Great. His resolve had lasted all of two seconds. “Starting in the East Village. Then Greenwich and SoHo if there’s time.”
“All town houses?”
“The Realtor convinced me not to be so set on a specific type of building. She’s basing her suggestions on the maintenance companies.”
“That makes sense,” Shannon said, “considering you won’t be around if something bad happ
ens.”
The scent of the coffee was enough to kick him into the next phase of waking up. He hadn’t showered, hadn’t done anything but put on his robe. It was damn cold to be barefoot, but he hadn’t brought slippers and hadn’t thought to put on socks. The chill hurried him to the bench across from Shannon’s. “You should come with me.”
She coughed, having just sipped some of her own coffee. “Just come with you, huh? Blow off my whole day?”
“I’ll buy you a good lunch. And you can say rude things about people’s decorating choices.”
“Why would I want to do that?”
He gave her a look that told her she wasn’t dealing with an amateur. “You couldn’t have changed that much.”
“It’s not rude if it’s constructive criticism.”
“Like hell.”
She smiled at him behind her Gramercy Park mug. Her skin stopped him, his own cup an inch off the table. She looked as if she were made of cream and silk. Something that couldn’t possibly exist in nature. Like the ads in the magazines that made every flaw disappear with the magic of airbrushing. But he was close, and she was as real as anything. He ached to touch her, not just on her cheek, although that’s where he’d start. He could barely imagine the feel of her inner thigh, what it would be like to rest his cheek on her tummy, right below her belly button.

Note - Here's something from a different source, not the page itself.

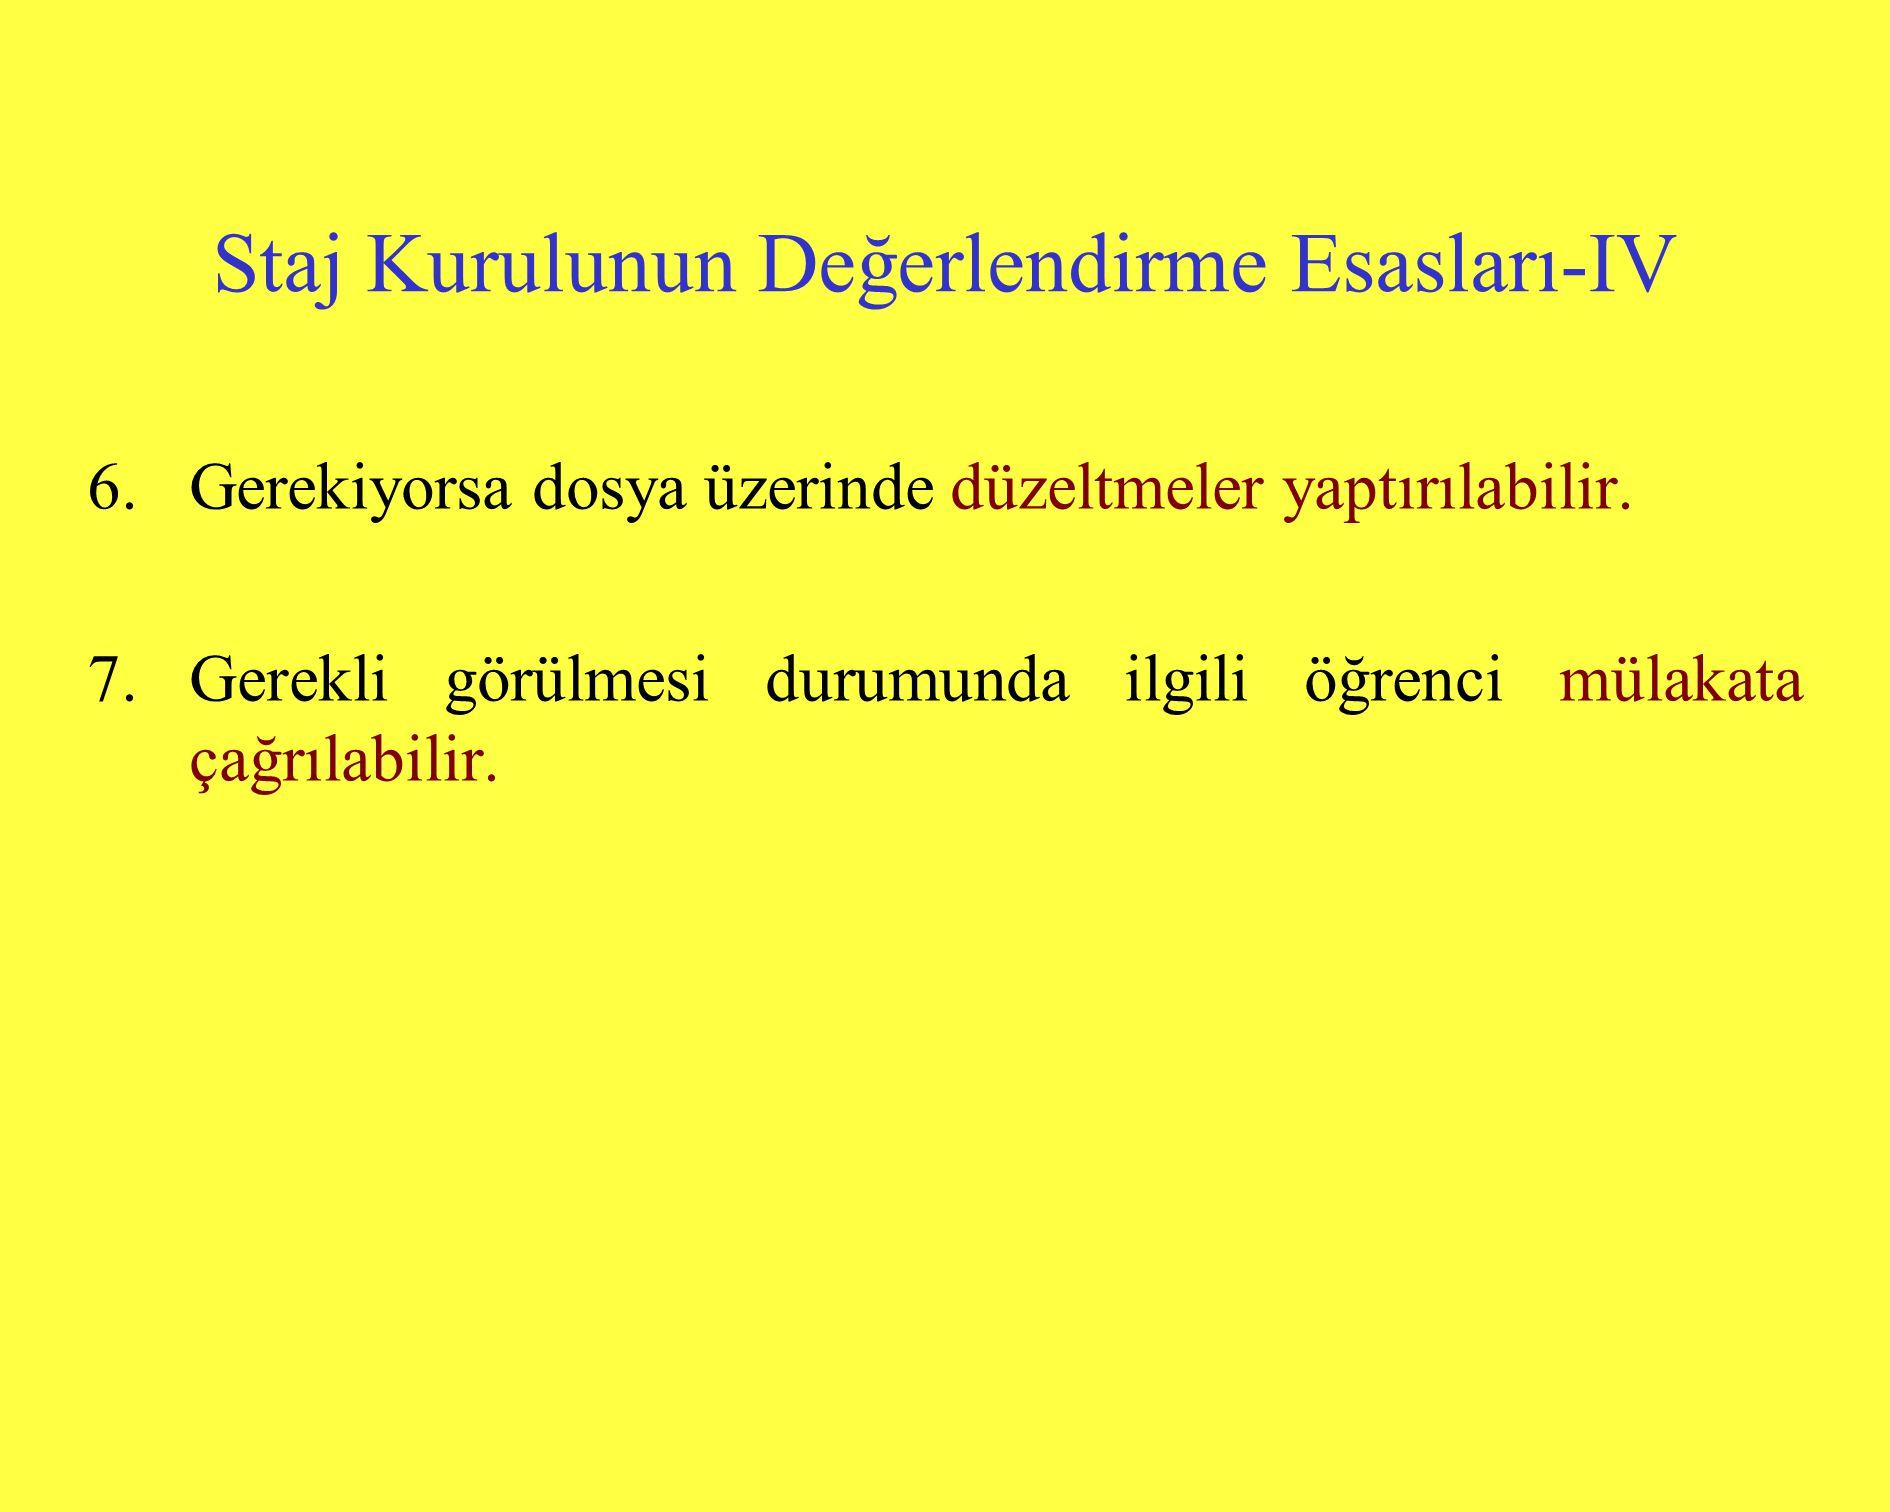 Staj Kurulunun Değerlendirme Esasları-IV 6.Gerekiyorsa dosya üzerinde düzeltmeler yaptırılabilir. 7.Gerekli görülmesi durumunda ilgili öğrenci mülakat
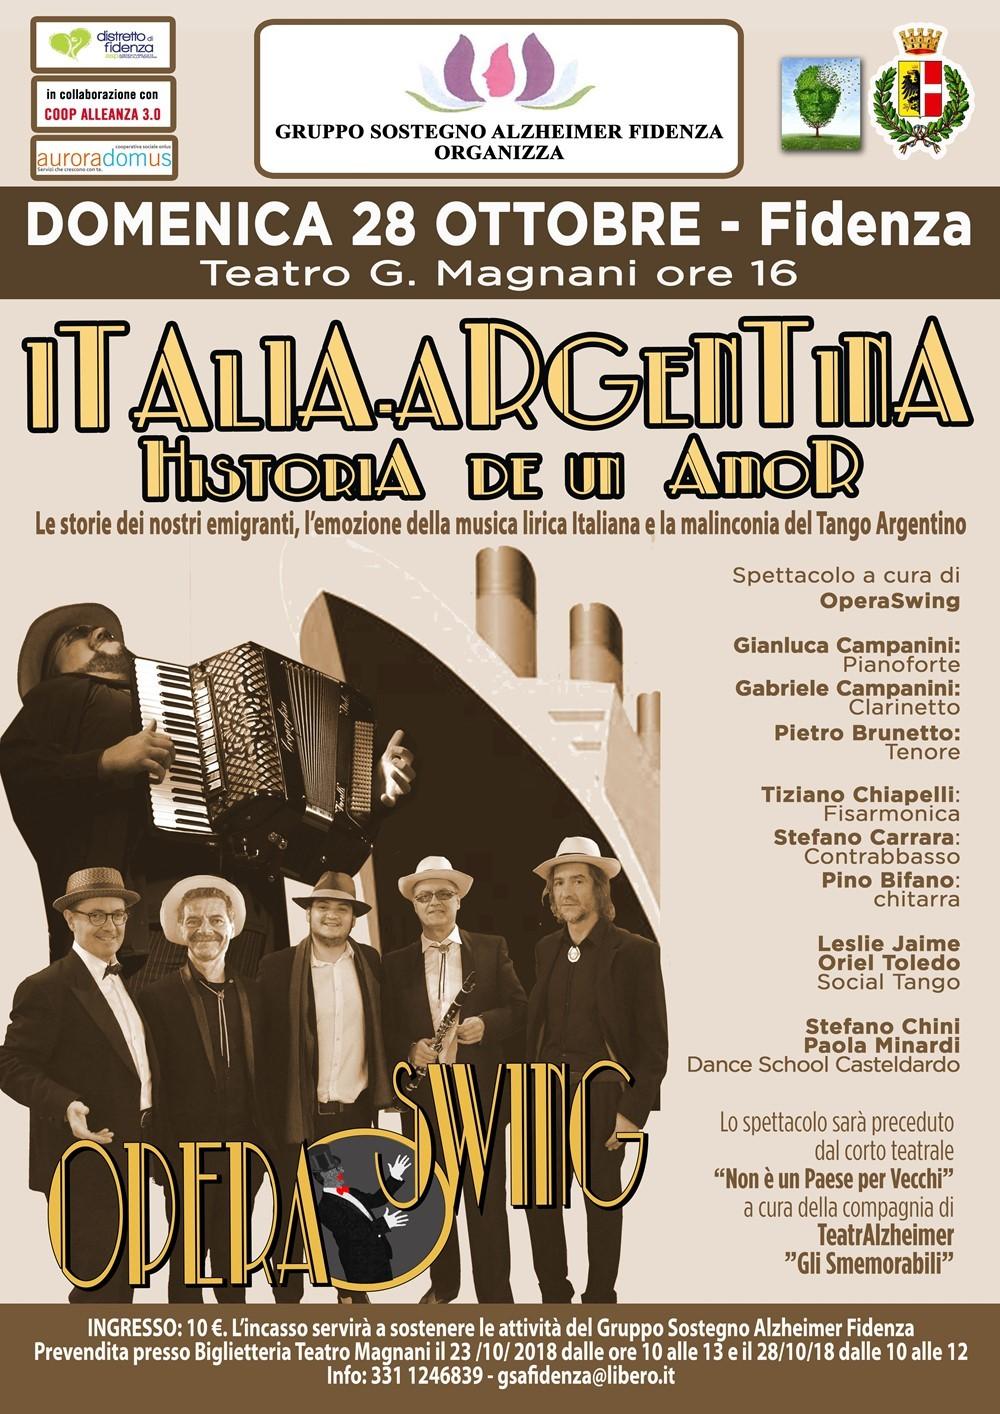 Italia-Argentina  Il 28 ottobre lo spettacolo proposto dal Gruppo Sostegno Alzheimer Fidenza

“Okay, that’s pretty creepy,” Shannon said.
He put his cup down. “What?” He knew he’d been staring. So why was he playing dumb?
“You do that a lot,” she said. “There’s a pattern. Am I that different from who you remember?”
“Yes,” he said, and he should have hesitated there. For a few seconds at least.
“Okay.”
She sipped more coffee and, ahh, there it was. The blush. He wanted to watch it evolve in all its heated glory, but he’d already crossed the polite behavioral line.
What he didn’t understand was the reason for the blush. Yes, he’d stared too long, and that was rude, but was she blushing because she was embarrassed at the attention? If he’d been anyone else, would she have blushed or would she have walked away from the situation? Was she reacting to the stare itself, or had she sussed that he was thinking about her sexually?